What I would like to do is explain why the pressure must be lower there without using information about how the cans will move. A lot of sites discuss this, but most of them just say that Bernoulli's principle is responsible. That's not much of an explanation.

First of all, I'm not sure how to apply Bernoulli's principle here. (I have never studied fluid dynamics by the way). According to Wikipedia, Bernoulli's principle states that "an increase in the speed of a fluid occurs simultaneously with a decrease in pressure or a decrease in the fluid's potential energy".

Here's my attempt: Chop up the region in front of the straw into small pieces. If I look at pieces along the straight line defined by the straw, then the average velocity of molecules in a piece will decrease with increasing distance from the straw. Because of this, the principle tells us that the pressure in these pieces will be increasing with increasing distance from the straw. At a large enough distance, the air pressure will be "normal". This means that each of the pieces has a pressure that's lower than normal.

Is this a correct way to apply the principle? Even if it is, I don't find the argument convincing. What if I somehow produce a high pressure stream of air? Wouldn't the same argument lead to the same conclusion, that the pressure inside the stream is low?

There is clearly something I don't understand here. I would like to know how to apply Bernoulli's principle correctly, and if possible, I would like to see a simple explanation based on Newton's laws instead of Bernoulli's principle.

2. Nov 16, 2016

### Charles Kottler

In simple terms (the way I think about things...) the air molecules outside the straw move in random directions, applying equal pressure in all directions. The molecules moving inside the straw have a greater speed along the axis than across it (because momentum is lost in colliding with the walls?). As the moving air emerges from the end of the straw it is therefore exerting less lateral pressure than the surrounding air so results in lower pressure. There will presumably be an area of higher pressure which spreads out ahead of the emerging stream which would form a vortex circulating around any objects near to the source thus increasing the directional pressure difference.

3. Nov 16, 2016

### A.T.

I remember long discussions here on how to correctly explain pressure decrease in a narrowing pipe using Newton. You might try to find them.

One similar is going on right now:
https://www.physicsforums.com/threa...air-flow-characteristics.893541/#post-5621475

Last edited: Nov 16, 2016
4. Nov 17, 2016

### Fredrik

Staff Emeritus
Thanks for the input, both of you.

I believe that this part is correct, but the stuff you said before doesn't really explain the low pressure, I think. But I think I found a different argument for it. See below.
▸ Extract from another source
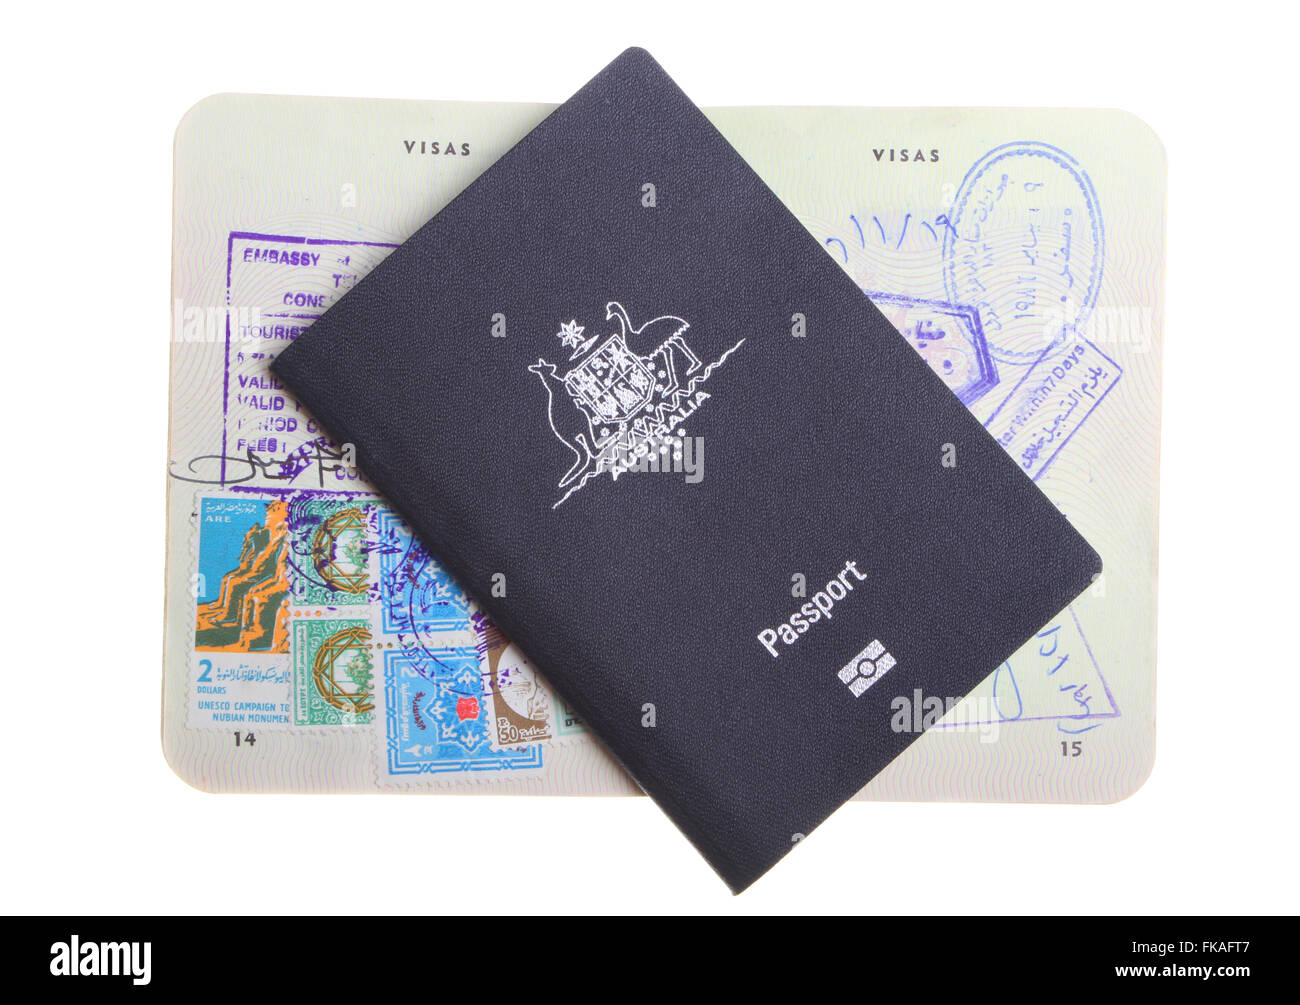 Passaporto australiano seduto su un vecchio passaporto aperto che mostra i visti sulle pagine isolati su sfondo bianco. Foto Stock

This was useful. I found a post where boneh3ad explained how to calculate the velocity in the narrow part of the pipe. I also found some links to HyperPhysics:

http://hyperphysics.phy-astr.gsu.edu/hbase/pber.html#beq
http://hyperphysics.phy-astr.gsu.edu/hbase/press.html

According to HyperPhysics, the Bernoulli equation for the narrowing pipe is just $$P_1+\frac 1 2 \rho v_1^2=P_2+\frac 1 2\rho v_2^2.$$ I chose not to include the (gravitational) potential energy terms, which should be the same on both sides if the pipe is horizontal. The 1 subscript refers to the wide part of the pipe, and the 2 subscript refers to the narrow part. Once we have concluded that $v_2>v_1$, e.g. using a mass conservation argument (that's what boneh3ead did), we can conclude that $P_2<P_1$. The equation above is basically just an energy conservation equation, so I would say that this is an explanation of the narrowing pipe that doesn't go far beyond Newton's laws.

However, I don't see how this explains the low air pressure in my problem.

I came up with something that resembles an argument for low air pressure in my problem. I'd like to hear someone's thoughts on it. I really can't tell if this is a good start or just completely wrong.

I found this page at the HyperPhysics web site. If I transfer this conclusion to my situation, I have to conclude that inside the straw, the pressure is high near the end inside the person's mouth, and equal to the outside air pressure at the other end. But the pressure inside the straw isn't just a static pressure. The pressure towards the exit end of the straw is a static pressure (which pushes in all directions) plus the pressure from the "wind" (which pushes only in direction of motion). If this sum is supposed to be equal to the (static) air pressure outside, then the static air pressure on the inside has to be less than normal air pressure.

Not sure if that made sense. Even if this argument is correct, parts of it would require further explanation. And it would still only explain the pressure at the exit. It wouldn't explain why the pressure is also low in the stream a few centimeters in front of the straw. (Why isn't air from over and under the stream pushed into the stream until the pressure has been equalized?)

5. Nov 17, 2016

### Staff: Mentor

6. Nov 17, 2016

### rcgldr

or that due to Coanda effect, the air going between the cans is diverted outwards, which would mean that the cans effectively exert an outwards force on the air, and the air exerts an inwards force on the cans (Newton third law pair).

Last edited: Nov 17, 2016
7. Nov 17, 2016

I don't have a ton of free time at the moment so let's see if I can throw in a quick thought that helps.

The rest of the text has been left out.